Memory problems (I think)

This is my first really large applescript and as I add more sites it has started crashing after the first few… have I reached a memory boundry or is there a more basic problem I am missing?


--==== Hexley's Headlines ====---
prompts me with my news and brings up the articles

--==== Hexley's Headlines orginization ====--
-- Classes
-- +Link
-- +Site
-- Singletons
-- +based on site:
-- ++Slashdot
-- Globals
-- run handler

--==== Classes ====--

(* Link *)

script Link
	
	property myHeadline : missing value
	property myURL : missing value
	
	on openPage()
		if characters 1 thru 7 of myURL = "http://" then
		else
			set myURL to "http://" & myURL
		end if
		open location myURL
	end openPage
	
end script

(* Site *)

script Site
	
	property cur_links : {}
	property old_links : {}
	property new_links : {}
	
	on update()
		copy new_links to old_links
		set new_links to {}
		set cur_links to {}
		getNewData()
		set new_links to result
		repeat with eachLink in new_links
			if (count of old_links) > 0 then
				if myHeadline of eachLink = myHeadline of the first item of old_links then
					exit repeat
				else
					copy eachLink to the end of cur_links
				end if
			else
				copy eachLink to the end of cur_links
			end if
		end repeat
	end update
	
	on getNewData()
		set endResult to {}
		do shell script myScript()
		set listing to the result
		set myLines to every paragraph of listing
		set myCount to count myLines
		repeat with index from 1 to myCount by 2
			copy Link to newLink
			set myURL of newLink to item index of myLines
			set myHeadline of newLink to item (index + 1) of myLines
			copy newLink to end of endResult
		end repeat
		return endResult
	end getNewData
	
	on prompt()
		repeat with eachLink in cur_links
			set thePrompt to my name & ¬
				": " & myHeadline of eachLink
			set button to first item of ((display dialog thePrompt buttons {"Open Link", "Skip Link", "Skip Site"}) as list)
			
			if button = "Open Link" then
				tell eachLink to openPage()
			else if button = "Skip Site" then
				exit repeat
			end if
		end repeat
	end prompt
	
end script

--==== Singletons ====--

script Macslash
	property parent : Site
	property name : "Macslash"
	
	on myScript()
		return "curl macslash.org/search.pl | " & ¬
			"grep 'article.pl' | " & ¬
			"sed 's/.*\/\/\(.*\)&amp.*>\(.*\)<\/A>.*/\1
\2/'"
	end myScript
	
end script

script Slashdot
	property parent : Site
	property name : "Slashdot"
	on myScript()
		return "curl slashdot.org/search.pl " & ¬
			"| grep 'article.pl' " & ¬
			"| sed 's/.*\/\/\(.*\)&mode.*>\(.*\)<\/A>/\1
\2/' "
	end myScript
	
end script

script Oreilly
	property parent : Site
	property name : "O'Reilly"
	
	on myScript()
		return "curl oreillynet.com/pub/q/all_mac_articles | " & ¬
			"grep '<p class="secondary">.*</b>' | " & ¬
			"sed 's/<p class="secondary"><b><a href="\(.*\)">\(.*\)<\/a><\/b>/oreillynet.com\1
\2/'"
	end myScript
	
end script


--==== Globals ====--

property Sites : {Macslash, Oreilly, Slashdot}

--==== Run Handler ====--

repeat with eachSite in Sites
	tell eachSite
		update()
		prompt()
	end tell
end repeat

thanks

I don’t know if this is the answer you want but I rejiggered your script (well, I rewrote it almost entirely) and created a headline HTML file to use as a browser (this saves the tedious dialog prompts).
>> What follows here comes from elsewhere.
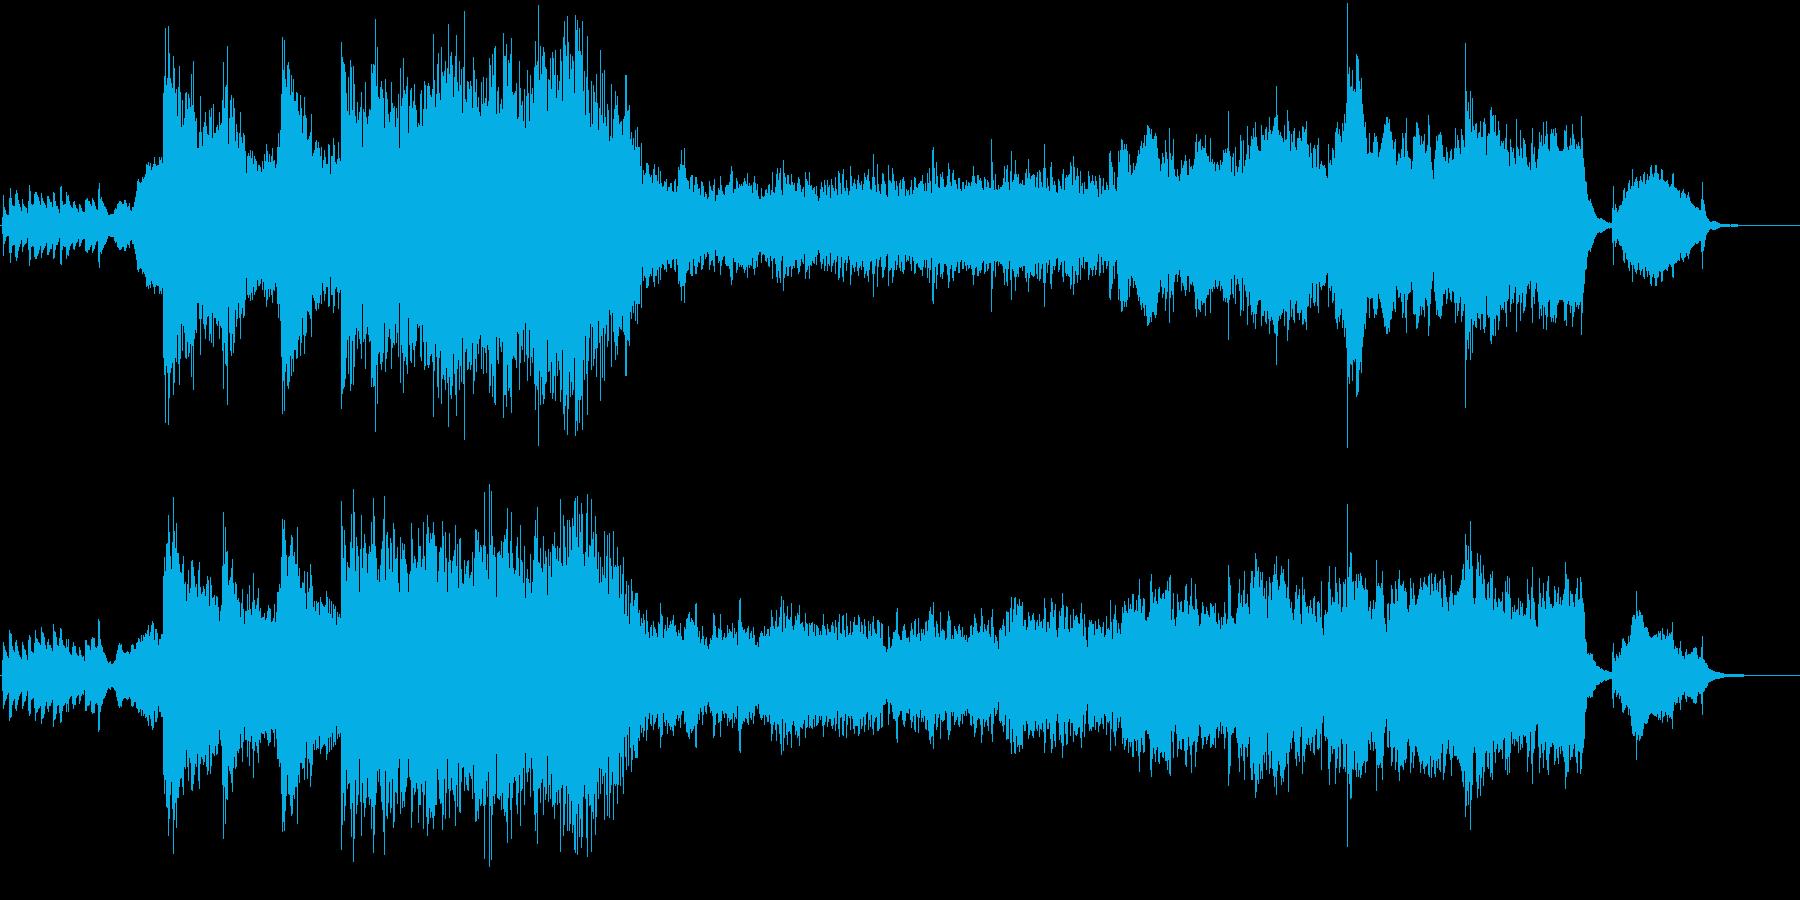 時空を超えた冒険がテーマのゲームのOP曲の再生済みの波形

I also got rid of your script objects that may have contributed to your problems. Finally, I tweaked the grep statements and the link/headline parser which may also help you. Here is my version of the script that may give MacSurfer a run for their money:

Jon

well, the thing is… I am not planning on using it quite like this. This is the first part just to get the site/link/headline,url hierarchy going and then I was going to use it to make the dock menu for an application. The way it was divided earlier provided greater readability, maintainability, and extendability (OMG I am sounding like my comp-sci prof…). Anyways, is there any reason you can see for the crashing issues?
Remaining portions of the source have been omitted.